To further eliminate modulo bias — a subtle flaw where some values appear slightly more often than others when mapping random bytes to a character set — the generator uses rejection sampling: values outside an exact multiple of the charset size are discarded and regenerated.

Understanding the Entropy Panel

Entropy is measured in bits. Each bit doubles the number of possible values an attacker would need to try. The crack time estimates assume an attacker making one billion guesses per second, which is achievable with commodity hardware attacking an unsalted fast hash (MD5, SHA-1). Against a properly salted slow hash (bcrypt, Argon2), crack times would be orders of magnitude longer.
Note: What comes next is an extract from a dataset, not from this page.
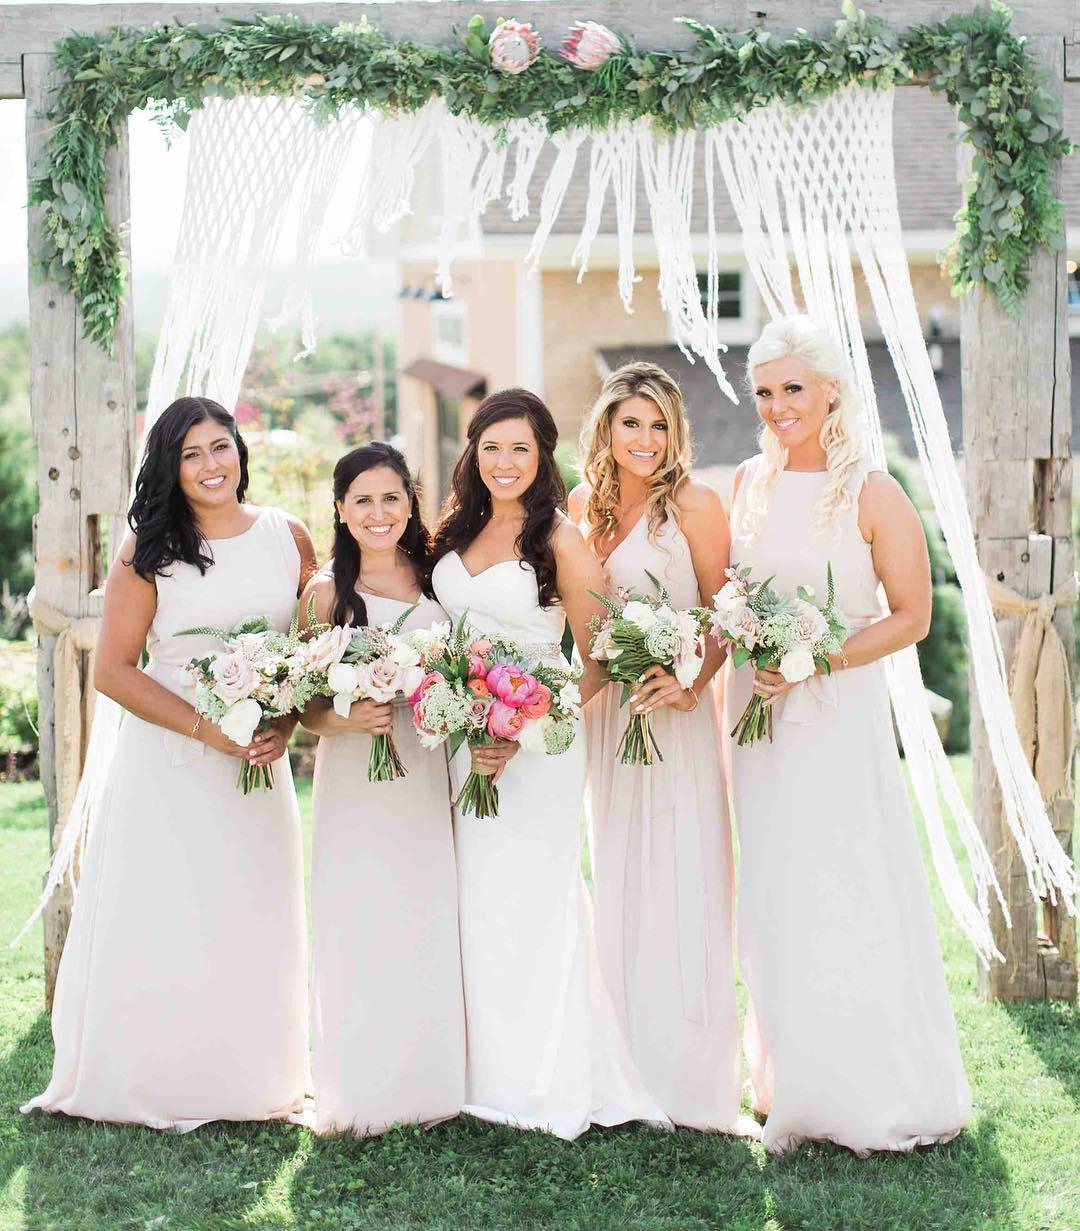 {gorgeousness} photo | @jharperphoto . . . #brideandhergirls #lovelies #sopretty #lovethis #arbor #bouquets #bohostyle #greenerygarland #boho #barnwedding #lotusfloraldesigns #weddingflorist #love

The strength levels used by this tool:

Weak — below 64 bits. Avoid for any security use.
Fair — 64–95 bits. Acceptable for short-lived tokens; not recommended for long-lived secrets.
Strong — 96–127 bits. Good for most applications.
Excellent — 128 bits and above. Suitable for encryption keys, JWT secrets, and any high-value secret.

Note: crack time is shown for secrets and passwords. For UUIDs, crack time is not applicable — UUIDs are identifiers, not secrets, and guessing a UUID is not a relevant attack model.

Recommended Settings by Use Case

Use case	Mode	Settings
Application password	Random	20+ chars, all character types
JWT secret (HS256)	Base64url	32 bytes (256 bits)
JWT secret (HS512)	Base64url	64 bytes (512 bits)
API key	API Key.	`sk_live_` prefix, 32-char body
Database primary key	UUID	v7 (sortable)
Unique identifier	UUID	v4 (fully random)
Encryption key	Hex	32 bytes (AES-256)
HMAC secret	Hex or Base64url	32 bytes minimum
Memorable password	Passphrase	5+ words, append number
Session token	Random or Hex	32 chars / 16 bytes

Privacy

Key generation happens entirely in your browser using the Web Crypto API. No generated values, settings, or usage data are sent to any server or stored anywhere. Close the tab and the keys are gone.